# B & S 16HP OHV problem(model 28u707 )



## aremer... (Jan 14, 2005)

hi all ,i am new to this section of hobbytalk as i usually browse the toys LOL.i recently was using my lawn tractor & it started stalling & backfiring.originally i thought it was not getting a spark ,but have replaced the plug & armature.i know that it now gets a spark ,but the cylinder seems to be over flooded with gas when i attempt to start it(plug is fouled & wet).this tractor is 12 years old & has always started & ran fine-then suddenly this.any help would be greatly appreciated ,as it really isn't a good time to be spending the extra bucks on a new one.thanks


----------



## aremer... (Jan 14, 2005)

also ,the solenoid @ the bottom of the bowl seemed to click before when i turned the key,but it doesn't seem to be making the sound now.could that be my problem?i do not know what the solenoid does but seeing as it is on the carb, iwas thinking maybe that could be my problem.thanks again


----------



## Gluefinger (Oct 15, 2009)

Hello aremer, Sounds like carb problem more than likely a piece of trash at the inlet needle. If it dosen't have a filter you might want to install one. Besides getting to the inlet needle while your in the carb go ahead and give it a good cleaning. Also check your fuel tank for debris you may have to clean out the tank too. good luck.


----------



## kahs4814 (Mar 23, 2010)

The solenoid on the carb bowl is a anti-backfire switch. When its working you will hear it click when you turn the key on, and again when you turn the key off. Since you don't here it now its either stuck, clogged, the wire has come loose, or broke. They are always going bad. It's there so when the key is turned off when the engine is running full throttle, it has less chance to back fire when the engine stops. 
When they go bad, I just pull it off, extend the plunger and cut it off flush with wire cutters, screw it back on and tie the wire off out of the way.
That might be your problem cause if its stuck in the UP position, its cutting off fuel to the engine.

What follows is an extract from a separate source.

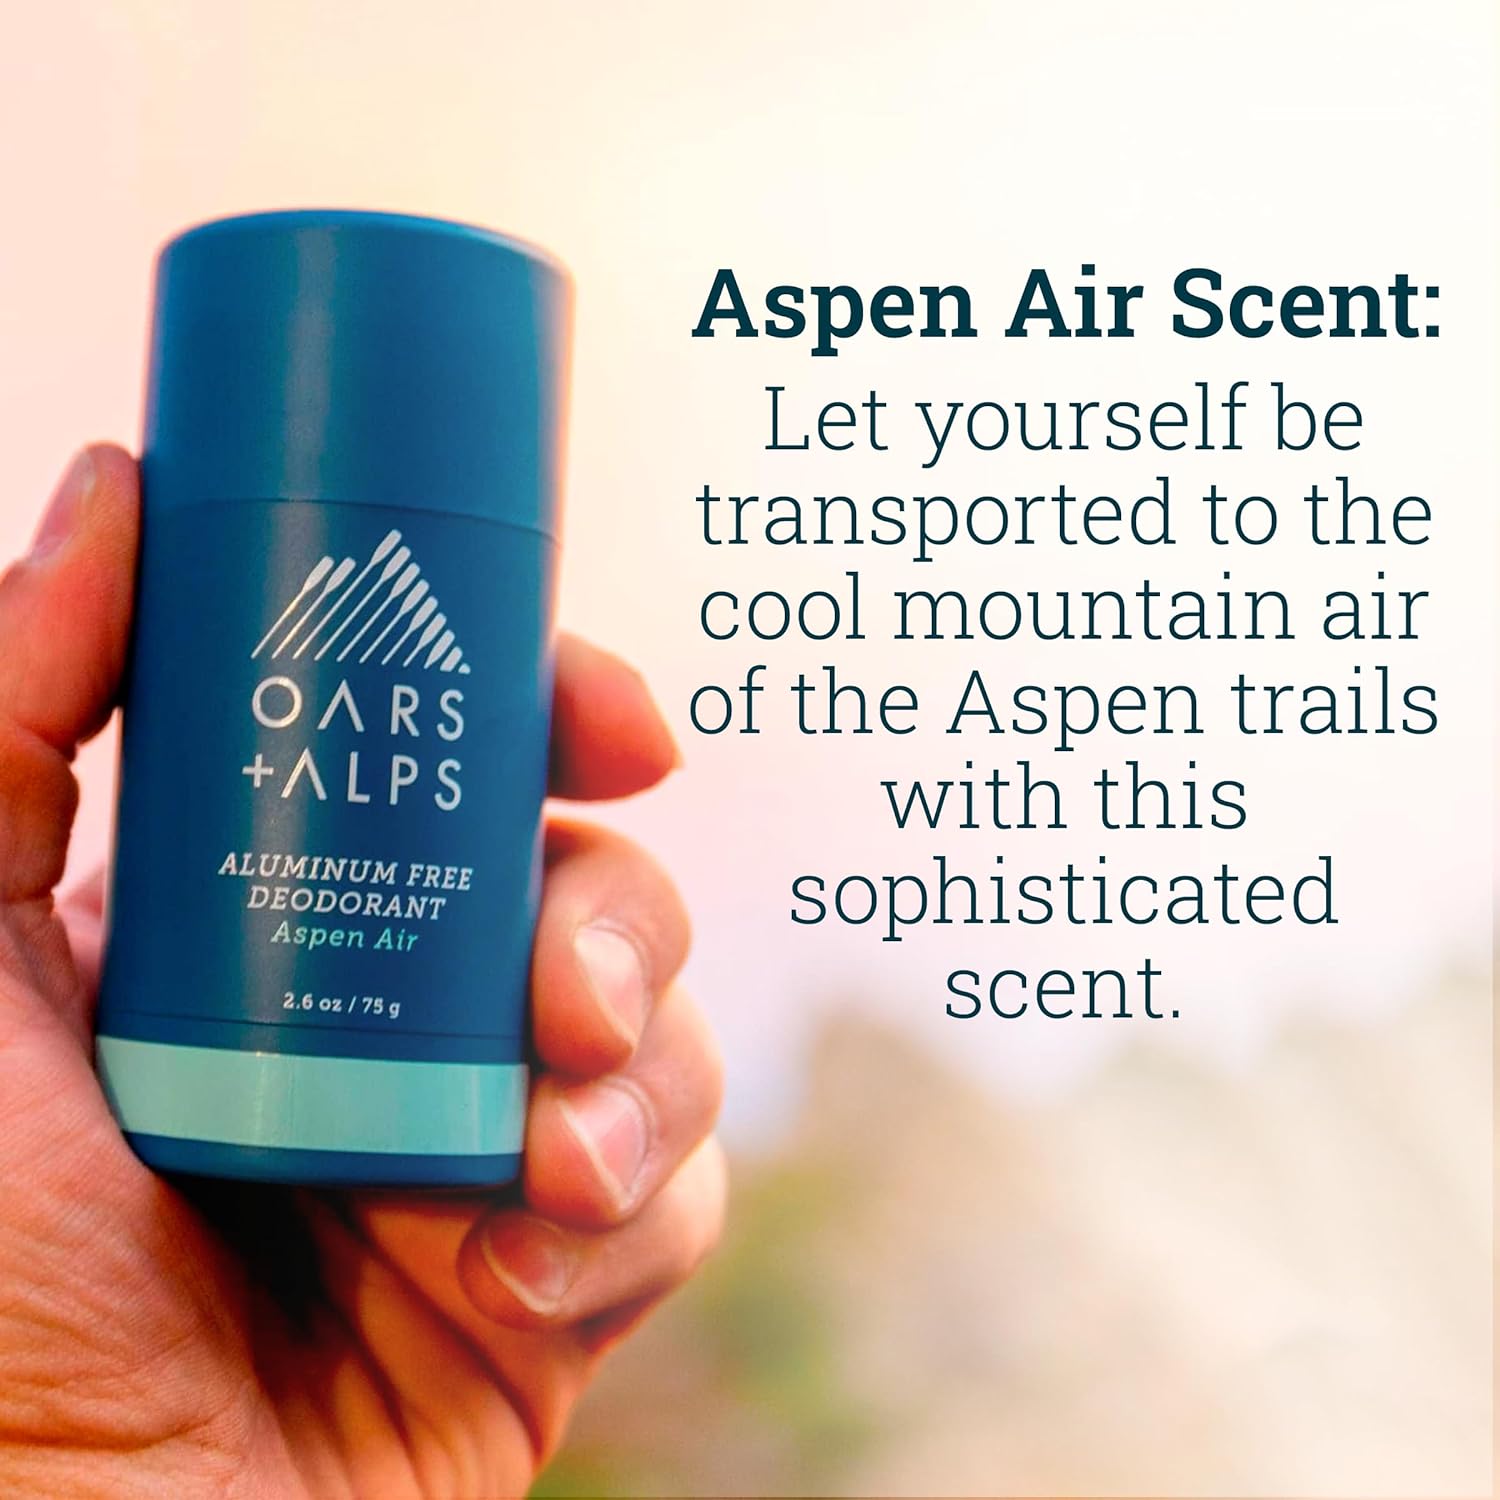 Oars + Alps Aluminum Free Deodorant for Men and Women, Dermatologist Tested and Made with Clean Ingredients, Travel Size, Aspen Air, 1 Pack, 2.6 Oz : Beauty & Personal Care

If the engine is flooding, either the float has gas in it, or the needle is stuck, or the needle seat has expanded and the needle can not shut off the flow of gas to the bowl. If it's a gravity feed system ( no pump ) it will allow fuel to fill the crankcase, and if you run the engine it will wash the cylinder(s). Thats bad.
A inline fuel filter AND shut off valve should be used. Always pull the dipstick and take a whiff, if you smell gas, drain and fill with fresh oil after the flooding problem has been fixed. Don't run it if you smell gas in the oil!

Hope this helps

Rob


----------